Poprzedni temat «» Następny temat
przepalający się bezpiecznik
Autor Wiadomość
ejsi 
rave and be free


Rok prod. Pumy: 1998
Kolor Pumy: Moondust Silver
Dołączył: 27 Mar 2005
Posty: 37
Skąd: Wrocław / Milicz
Wysłany: 11-05-2008, 11:51   przepalający się bezpiecznik

podczas jazdy samochodem zgaslo mi radio i zegarek w samochodzie. szybko doszedlem ze spalony jest bezpiecznik numer dwa odpowiedzialny za wspomniane radio, zegarek, oswietlenie wnętrza, oswietlenie bagażnika i ogrzewanie.

wlozylem kilka nowych bezpiecznikow ale kazdy od razu sie palil ( przy wyłączonej stacyjce!)

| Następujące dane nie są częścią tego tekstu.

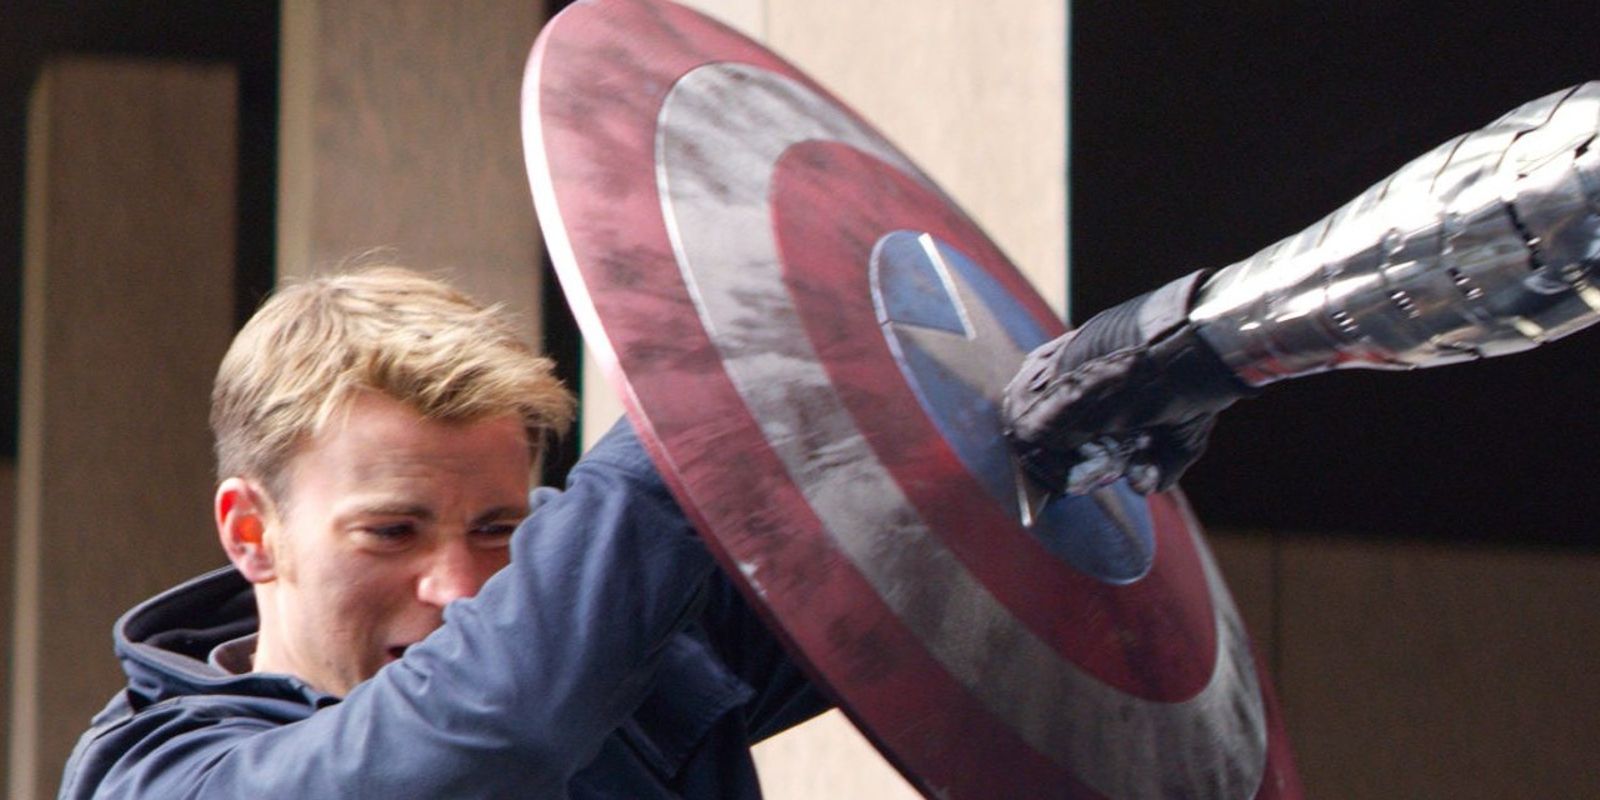 Captain America holding back The Winter Soldier's punch with his shield in Captain America: The Winter Soldier

odlaczylem wszystkie wspomniane elementy ale bezpiecznik nadal sie pali. po lekturze forum odlaczylem tez zawor nagrzewnicy ale nadal to samo.
z nawiewu leci ciagle cieple powietrze ale teraz nie wiem czy jest to wina uszkodzenia jakiegos elementu odpowiedzialnego za ogrzewanie czy efekt odlaczonego panelu sterowania nawiewem. prosze o pomoc. co jeszcze moglo nawalic - co powoduje to zwarcie
_________________

 
 
 
sharky 


Silnik Pumy: 1.4
Rok prod. Pumy: 1998
Kolor Pumy: Radiant Red
Dołączył: 05 Sty 2008
Posty: 992
Skąd: Kalisz/Opatówek
Wysłany: 11-05-2008, 13:04   

Przyczyn może być bardzo dużo. U mojego kumpla w Escorcie działo się tak samo a winą tego były zwierające się kabelki od podświetlania bagażnika (gdzieś izolacja była przetarta i zwarcie gotowe). Może wymieniałeś gdzieś ostatnio jakąś żarówkę, bądź bawiłeś się i podłączałeś coś przy radiu? Wtedy mogłes ruszyć gdzieś kable i może się zwierają...
_________________
Ten, co opatentował podświetlany schowek. :mrgreen: http://klubpumy.pl/viewtopic.php?t=7948

Sprawdź swoją Pumę po numerze VIN: http://klubpumy.pl/viewtopic.php?t=7055
 
 
 
ejsi 
rave and be free


Rok prod. Pumy: 1998
Kolor Pumy: Moondust Silver
Dołączył: 27 Mar 2005
Posty: 37
Skąd: Wrocław / Milicz
Wysłany: 17-05-2008, 21:37   

sharky, miales dobre wyczucie. piwo dla Ciebie! rzeczywiscie problem byl w bagazniku. pociagnałem sobie kiedys kabelek na drugą stronę bagażnika i zamontowałem do niego żaróweczkę aby mieć oświetlenie z dwóch stron. Przy ostatnim sprzątaniu auta chyba poruszylem tym kablem i później gdzieś zwierało. Teraz zwarcie usunięte ale pozostawiło po sobie ślad w postaci nie działającego światełka w bagażniku. co ciekawe kiedy podłącze jeden z kabelków prowadzących do żarówki oświetlenia bagażnika do masy, światełko działa. To już jednak dla mnie zbyt zawiła intryga - pojade z tym w wolnej chwili do elektryka (przypuszczam ze to coś z alarmem jest alarmem bo do kabla od żarówki pociągnięty jest kabel od alarmu). najważniejsze teraz że klima i radio działa : )

pozdroo
_________________

 
 
 
Wyświetl posty z ostatnich:   
Odpowiedz do tematu
Nie możesz pisać nowych tematów
Nie możesz odpowiadać w tematach
Nie możesz zmieniać swoich postów
Nie możesz usuwać swoich postów
Nie możesz głosować w ankietach
Nie możesz załączać plików na tym forum
Możesz ściągać załączniki na tym forum
Dodaj temat do Ulubionych
Wersja do druku

Skocz do:  

© 2000-2021 klubpumy.pl | wykonanie: zespół | hosting: WEBdev

Korzystanie z forum oznacza akceptację regulaminu w aktualnym brzmieniu (ostatnia aktualizacja: 18.08.2013)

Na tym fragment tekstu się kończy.